I discovered that opcache infers that the variable can be undefined
within the loop body (or any types prior to the loop)

This seems to be unnecessary - the sources of blocks outside of the loop body
include both FE_FETCH_R and FE_FETCH_RW.

/* Handle cases such as `$i = &$obj->typedProperty`, which can change the type of assignments */
tmp = t2;
}
// fprintf(stderr, "Previously %x for FE_FETCH_ARR at line %d\n", (int)tmp, (int)opline->lineno);
Copy link
Member

Choose a reason for hiding this comment

The reason will be displayed to describe this comment to others. Learn more.

Please split this into a separate PR and remove the commented code.

I also don't really understand the particular logic you used here. Possibly what you want is just tmp = (t2 & MAY_BE_REF)? That's the only thing that should be inherited from the original variable...

Copy link
Contributor Author

Choose a reason for hiding this comment

The reason will be displayed to describe this comment to others. Learn more.

Done.

I also don't really understand the particular logic you used here. Possibly what you want is just tmp = (t2 & MAY_BE_REF)? That's the only thing that should be inherited from the original variable...

I wasn't familiar with why t2 was being used or if there were edge cases that I wasn't aware of that would require t2 (e.g. if this was deliberate for some op types). Apparently not.

I discovered that opcache infers that the variable can be undefined
within the loop body (or any types prior to the loop)

This seems to be unnecessary - the sources of blocks outside of the loop body
include both FE_FETCH_R and FE_FETCH_RW.
@TysonAndre TysonAndre changed the title Infer value is not undef within foreach; Speed up ZEND_IS_IDENTICAL Infer value is not undef within foreach Dec 7, 2019
TysonAndre added a commit to TysonAndre/php-src that referenced this pull request Dec 7, 2019
Add a specialized opcode handler to use for `===`/`!==` when:

1. At least one side is a $cv, and the other is a $cv or CONST
   (avoids the need to free operands)
2. Neither operand can be undefined or a reference
   (avoids the need for error handling and dereferencing)

```
// Elapsed time decreased from 0.275 seconds to 0.243 seconds in combination
// with PR php#4982
function count_same(array $values) {
    $same = 0;
    foreach ($values as $x) {
        foreach ($values as $y) {
            if ($y === $x) {
                $same++;
            }
        }
    }
    return $same;
}
$values = range(0, 5000);
$values[] = new stdClass();
$values[] = null;
$values[] = 3;
$start = microtime(true);
$total = count_same($values);
```
@nikic
Copy link
Member

nikic commented Dec 7, 2019

Unfortunately this won't work: The old value is going to be preserved when FE_FETCH aborts the iteration, as we don't distinguish the two cases here.

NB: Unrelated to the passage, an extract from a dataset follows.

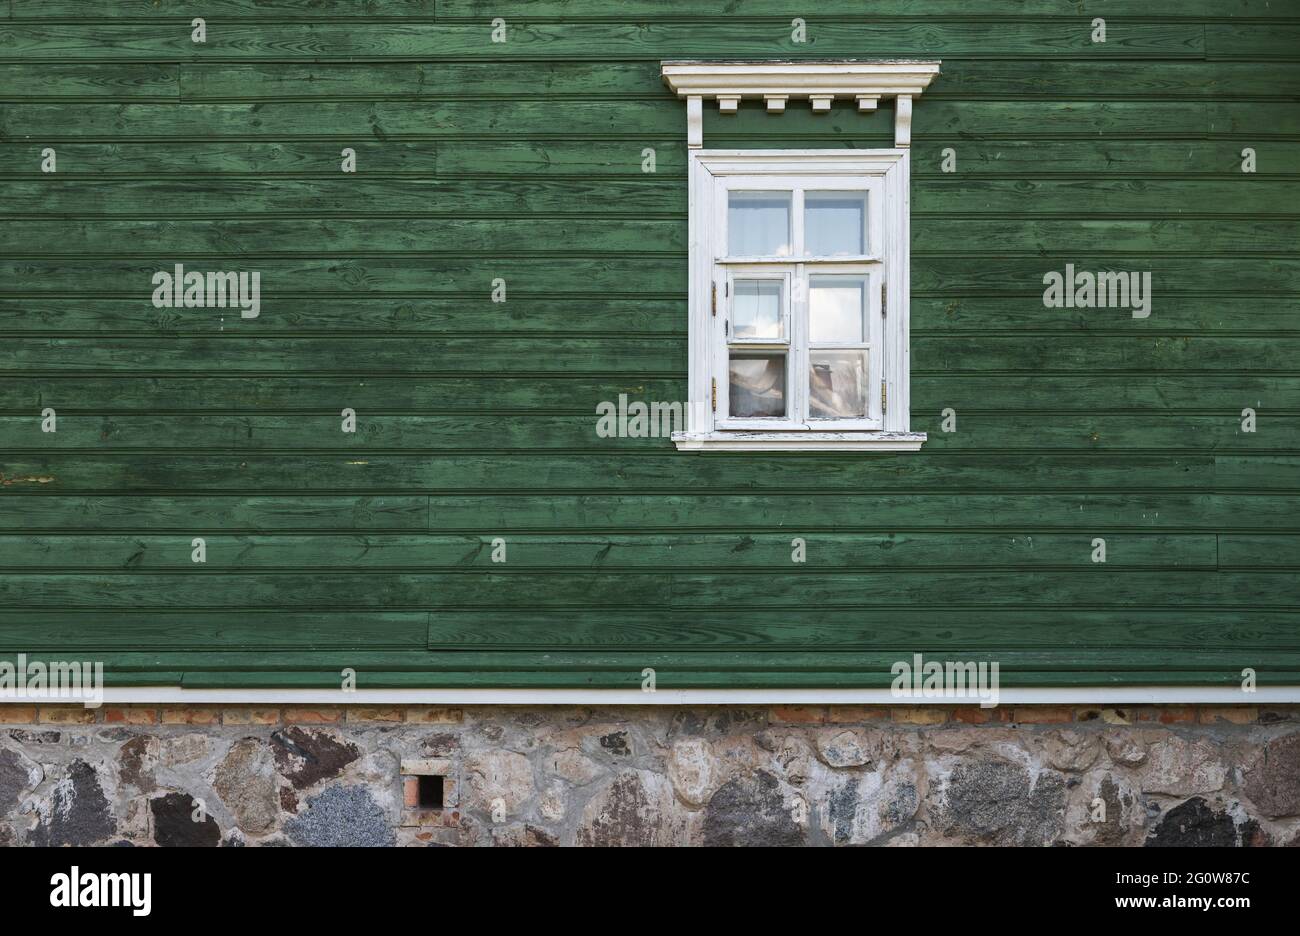 Window with white decorative frame in an old green wooden wall, architectural background texture Stock Photo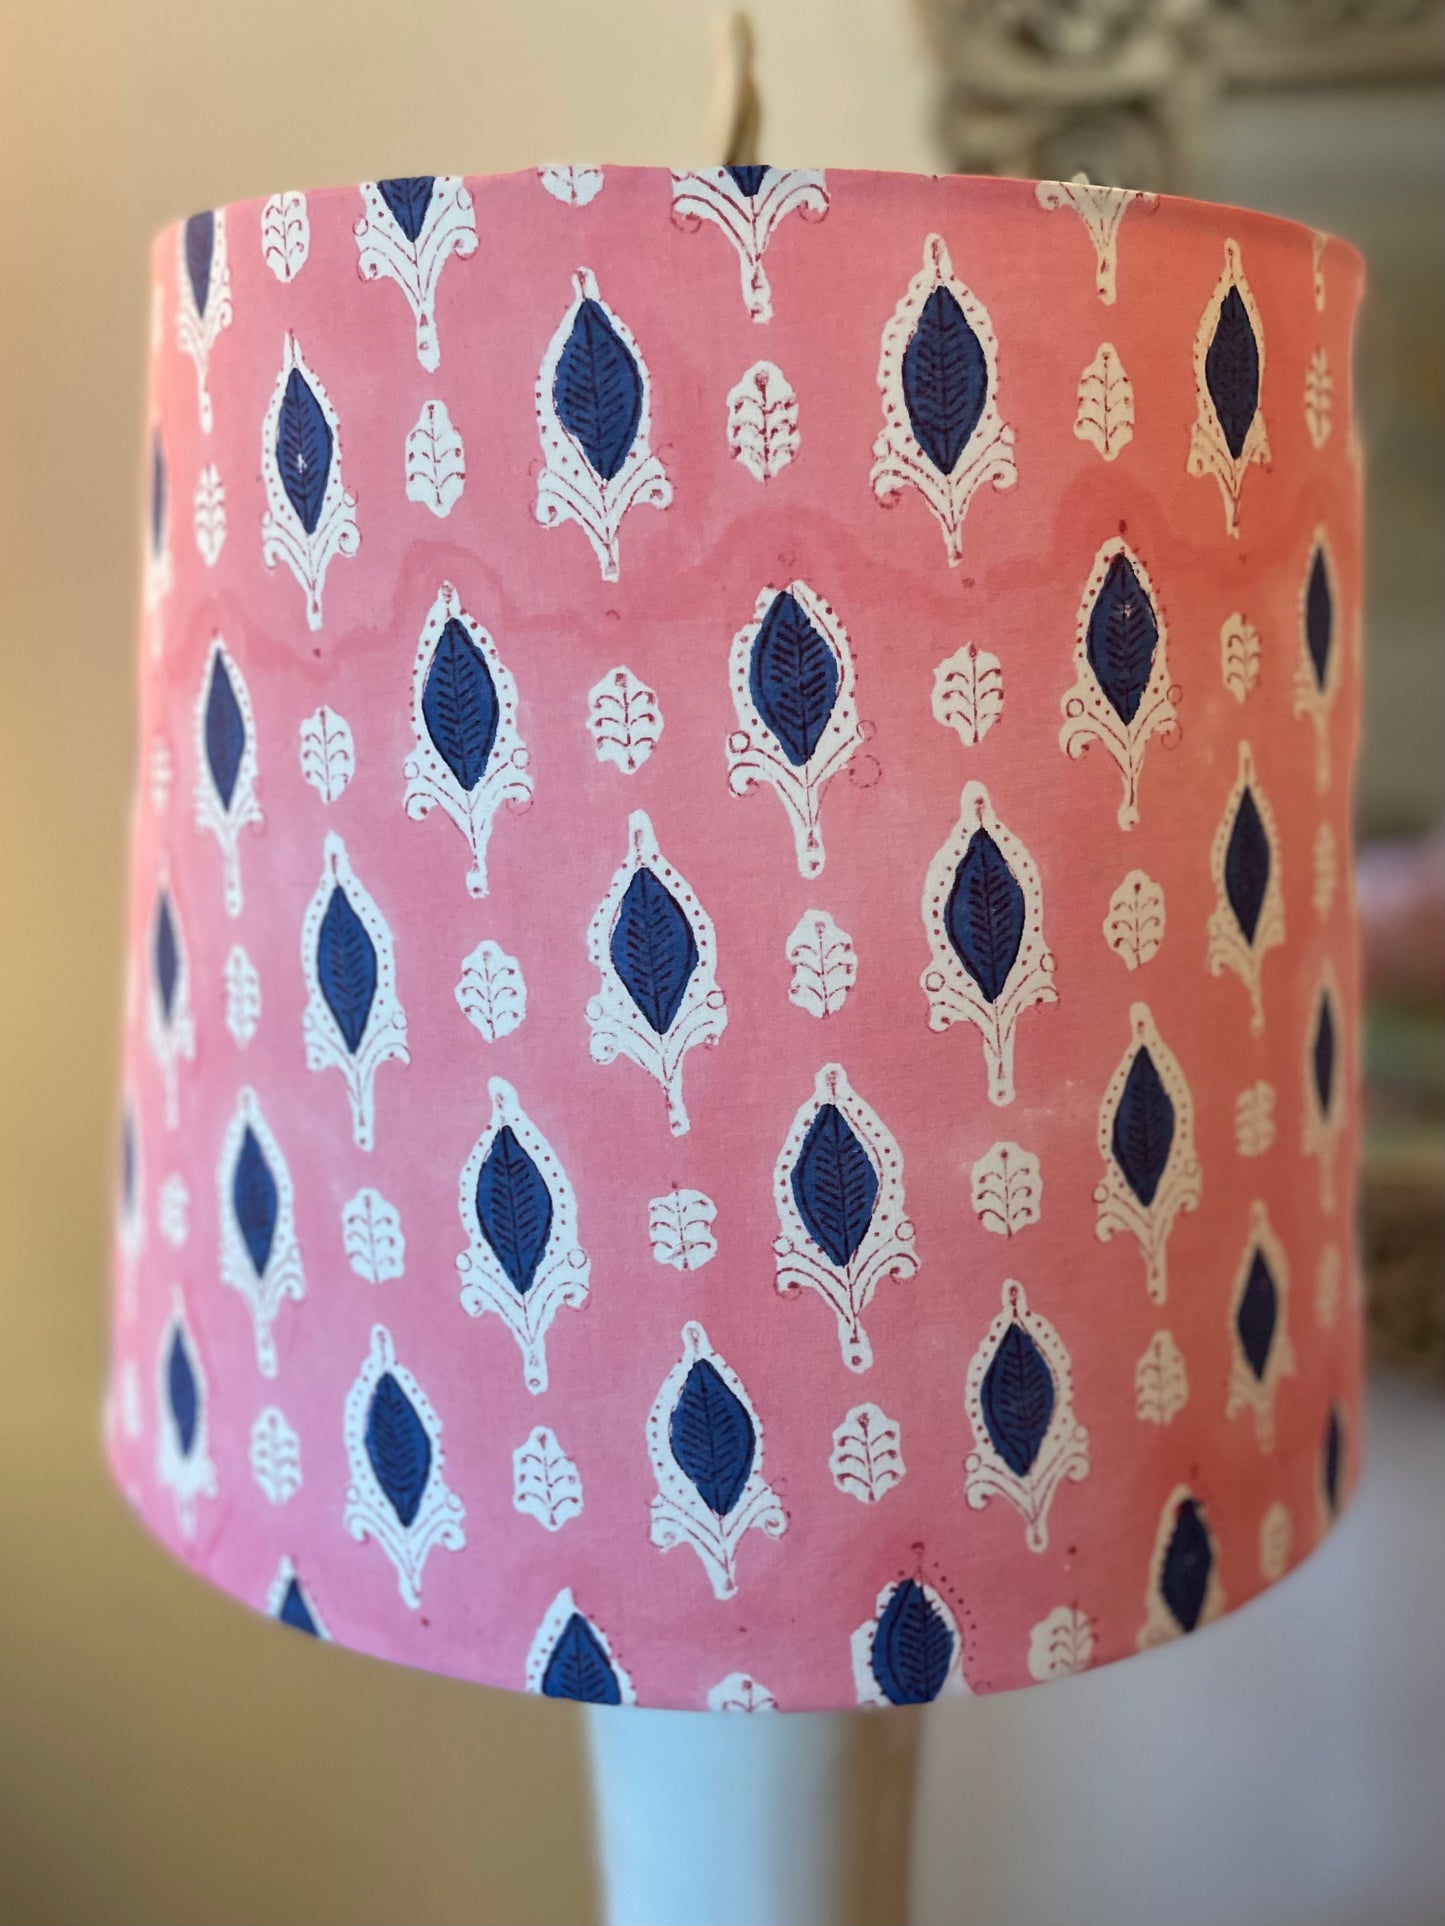 Large Empire Lampshade. 11.75 x 13.75 x 11.75. Indian Hand Block Print. Rosy Pink with Navy and White.

It also looks like we have a related miscompile:

<?php

function test() {
    $a = ["3"];
    $x = 1;
    foreach ($a as $x) {
        $x = 2.0;
    }
    var_dump($x);
}
test();

This prints "3" instead of 2.

@TysonAndre
Copy link
Contributor Author

TysonAndre commented Dec 7, 2019

It also looks like we have a related miscompile in sccp:

That miscompile predates this PR, and can also be found in php 7.4-dev.

I also see the same issue (both with and without this PR) for this example:

<?php

function test(string $a, string $b) {
    $a = [$a];
    $x = 1;
    foreach ($a as $x) {
        $x = 2.0;
    }
    var_dump($x === 2.0);
    var_dump($x === 'y');
    var_dump($x);
}
test('x', 'y');

Opcache enabled (both 8.0 NTS and 7.4 debug zts):

bool(false)
bool(false)
string(1) "x"

No opcache (correct behavior):

bool(true)
bool(false)
float(2)

Unfortunately this won't work: The old value is going to be preserved when FE_FETCH aborts the iteration, as we don't distinguish the two cases here.

Could you give a different example - both of these examples were broken prior to this PR.

I would have hoped that the ssa graph could take the definitions from the locations of the continue [x] and break [x] statements (and implicit continue at end of loops) instead of the FE_FETCH_R opcode.

@TysonAndre
Copy link
Contributor Author

I can also reproduce this issue for the example in #4982 (comment) in php 7.2.6, and 7.3.9/7.3.14. 7.1.30 seems to be unaffected

@nikic
Copy link
Member

nikic commented Dec 7, 2019

Sorry for being unclear, the miscompile is just something I noticed while looking at this PR, it's not caused by it (though I suspect the root issue is the same).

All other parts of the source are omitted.